Beware of Japan relief appeals from phony charities

COAST CITIES — Tragedies often will bring out the best in people as strangers reach out to help others in need. However, disasters also can result in a flurry of con artists without a conscience who will use natural disasters as opportunities to prey upon the emotions of unsuspecting victims. The San Diego Better Business Bureau, or BBB, is warning consumers about phony charities that are expected to turn up the volume on scam appeals following the recent 8.9‑magnitude earthquake and tsunami catastrophe that swept across Japan’s northeastern coast.

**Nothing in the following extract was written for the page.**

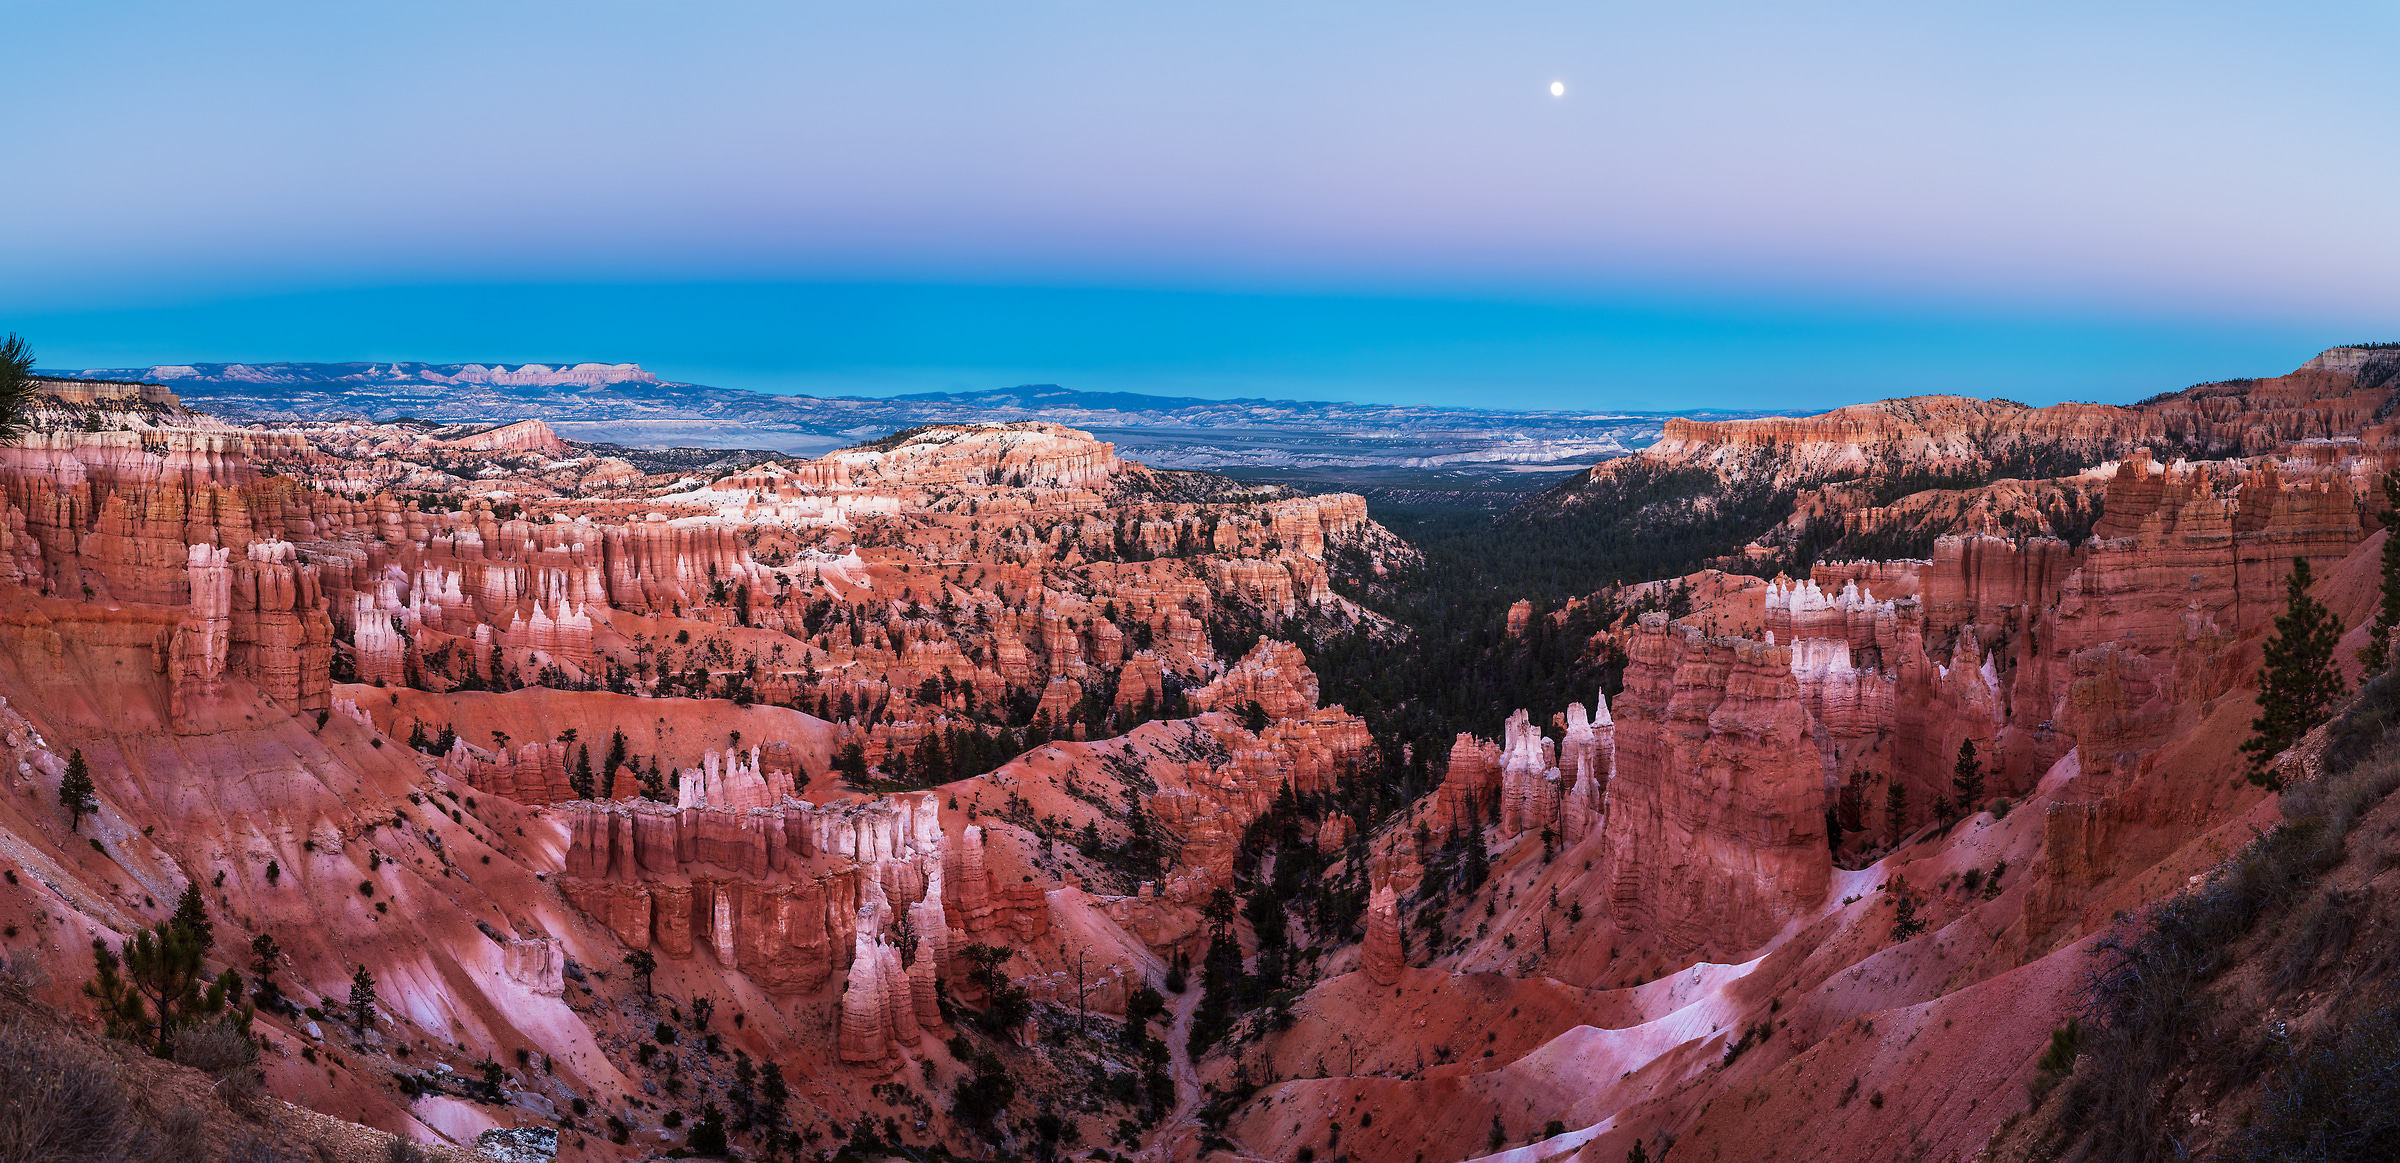 205 megapixels! A very high resolution, large-format VAST photo print of the American West at evening; landscape photograph created by Jim Tarpo in Bryce Canyon, Utah

The BBB is encouraging consumers to give to established and recognizable disaster-relief organizations or charities. “Use your head as well as your heart,” said Sheryl Bilbrey, San Diego BBB president. Before writing a check, consumers can contact the nonprofit BBB, which provides the largest free service of its kind to San Diego consumers with free consumer protection and pre‑purchase information, including reports on more than 101,000 local companies. Before buying decisions are made, consumers are encouraged to phone the BBB’s free 24‑hour Consumer Helpline at (858) 496‑2131 or (800) 600‑7050, or visit bbb.org, to obtain free information and a list of BBB accredited businesses.
The BBB advises to be wary of charities with unfamiliar names or “sound‑alikes” with names that sound similar to recognizable emergency‑relief organizations. Donors also need to make sure their money goes to competent organizations that are equipped and experienced to carry out relief efforts. Be leery of e-mails and spam messages linked to new online organizations allegedly claiming that 100 percent of donations will assist relief victims, while not admitting to fund-raising and administrative costs.

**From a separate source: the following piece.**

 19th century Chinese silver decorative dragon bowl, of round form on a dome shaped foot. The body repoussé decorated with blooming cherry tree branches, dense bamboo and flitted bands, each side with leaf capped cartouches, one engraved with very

Also, the BBB recommends consumers ask lots of questions, request printed literature on the charity’s programs and finances and send a check in the mail. Do not give cash on‑the‑spot to a “runner” at your front door. Especially, do not give your credit card number or other personal information to a telephone solicitor or in response to an e‑mail. Be skeptical of any charity that is reluctant to answer questions about their operations, finances and programs.